That may be more extreme than we want but be aware there are people who
are doing it successfully -- it just takes a few extra development
practices.
Personally, I think it would be awesome if we could migrate to this
level of deployment frequency eventually. I imagine that
comprehensive automated test suites are a major part of making this
reliable.
Nope. Automated tests help a lot with this approach but Flickr doesn't
have much better tests than MediaWiki does.
We *should* have better tests, but I would just say that it is not
required for us to have a great test suite before doing this.
To the extent you can share any details about how
stuff
works at Flickr, what long-term changes are necessary for this to be
practical?
Flickr engineers have already talked a lot about this in public. See
references below.
The main insight here is that branching is a bad way for a website to
manage change. We do not have an install base that's out there in the
world, like shrink-wrapped software, where we issue patches on CD. For a
website, we control the entire install base.[1]
What we need are ways of managing change across our server clusters, or
managing incremental feature and infrastructure upgrades. This leads to
"branching in code".
Doing things the Flickr way entirely would require:
1 - A "feature flag" system, for "branching in code". The point is to
start developing a new feature with it being turned off by default for
most environments and without succumbing to branching and merging
misery. In other words, day one of a new feature looks like this:
if ( $wgFeature['MyNewThing'] ) {
/* ... new code ... */
} else {
/* ... old code ... */
}
Of course if you're fixing bugs there's no need to hide that behind a
feature flag.
2 - Every developer with commit access is thinking about deployment onto
a cluster of machines all the time.
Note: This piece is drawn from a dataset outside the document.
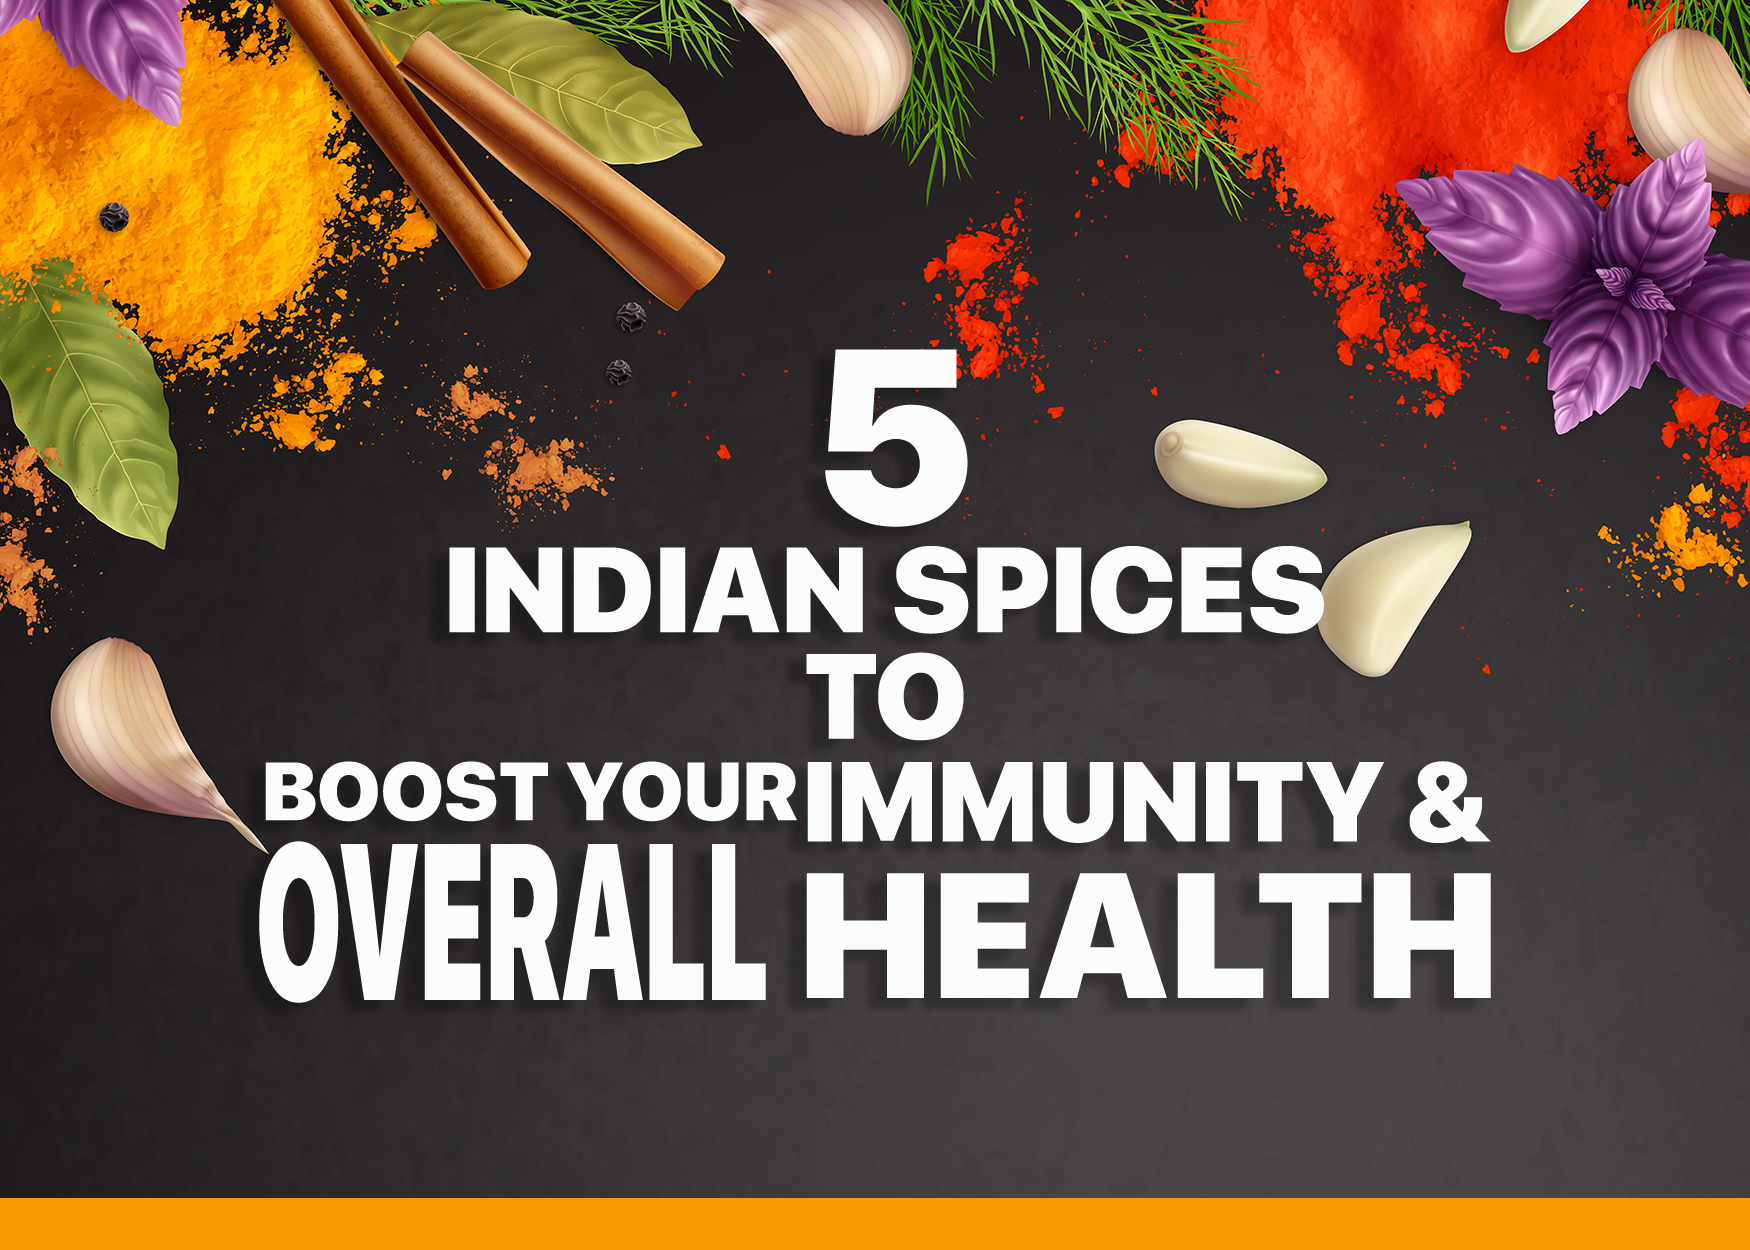 5-indian-spices-to-boost-your-immunity-and-overall-health

Committing to the repository means
you are asserting this will work in production. (This is the hard part
for us, I think, but maybe not insurmountable).
3 - One can deploy with a single button press (and there is a system
recording what changes were deployed and why, for ops' convenience).
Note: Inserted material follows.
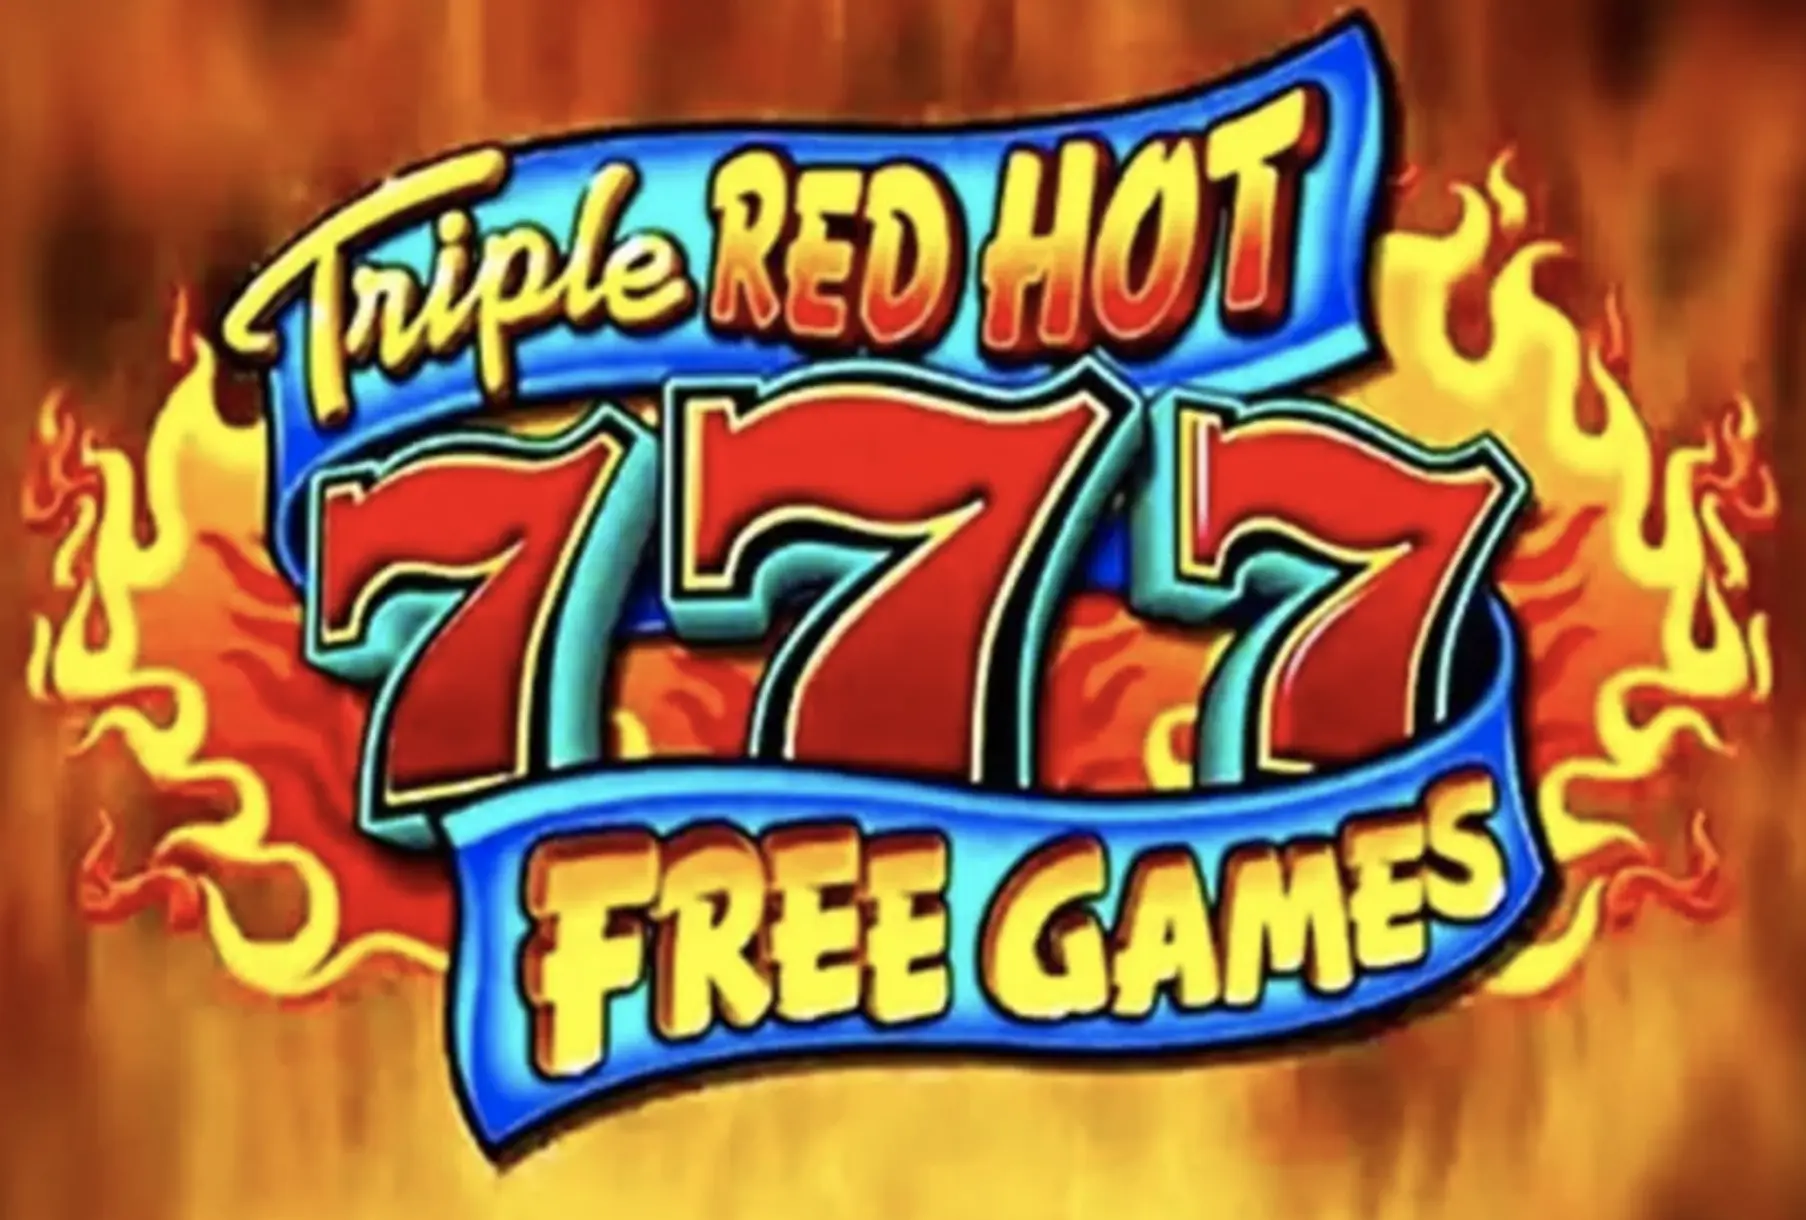 Triple Red Hot 777 Slot

4 - When there's trouble, new deploys can be blocked centrally, and then
ops can revert to a previous version with a single button press.
5 - Developers are good about "cleaning up" code that was previously
protected by feature flags once the behaviour is standard. (HINT: this
is the part Flickr doesn't talk about in public... but as an open source
project with more visible dirty laundry, perhaps we can do better.)
This system does result in more "oops" moments. But the point is to make
those easy to recover from, and to have a culture where people aren't
blamed too much for this. Not to make a system that tries to ensure that
deploy branches can be tested to be almost perfect. The real problems
are always things that nobody anticipated anyway.
NOTES
[1] I am for the purposes of the argument ignoring MediaWiki as a
deliverable and only thinking about project websites.
REFERENCES
Here's the most concise presentation:
"Always Ship Trunk: Managing Change In Complex Websites" by Paul Hammond
http://www.paulhammond.org/2010/06/trunk/alwaysshiptrunk.pdf
And a longer talk about all this from Paul Hammond and John Allspaw
10+ Deploys Per Day: Dev/Ops Cooperation at Flickr
http://velocityconference.blip.tv/file/2284377/
Blog post about the Feature Flag system by Ross Harmes
"Flipping out"
http://code.flickr.com/blog/2009/12/02/flipping-out/
--
Neil Kandalgaonkar ( ) <neilk(a)wikimedia.org>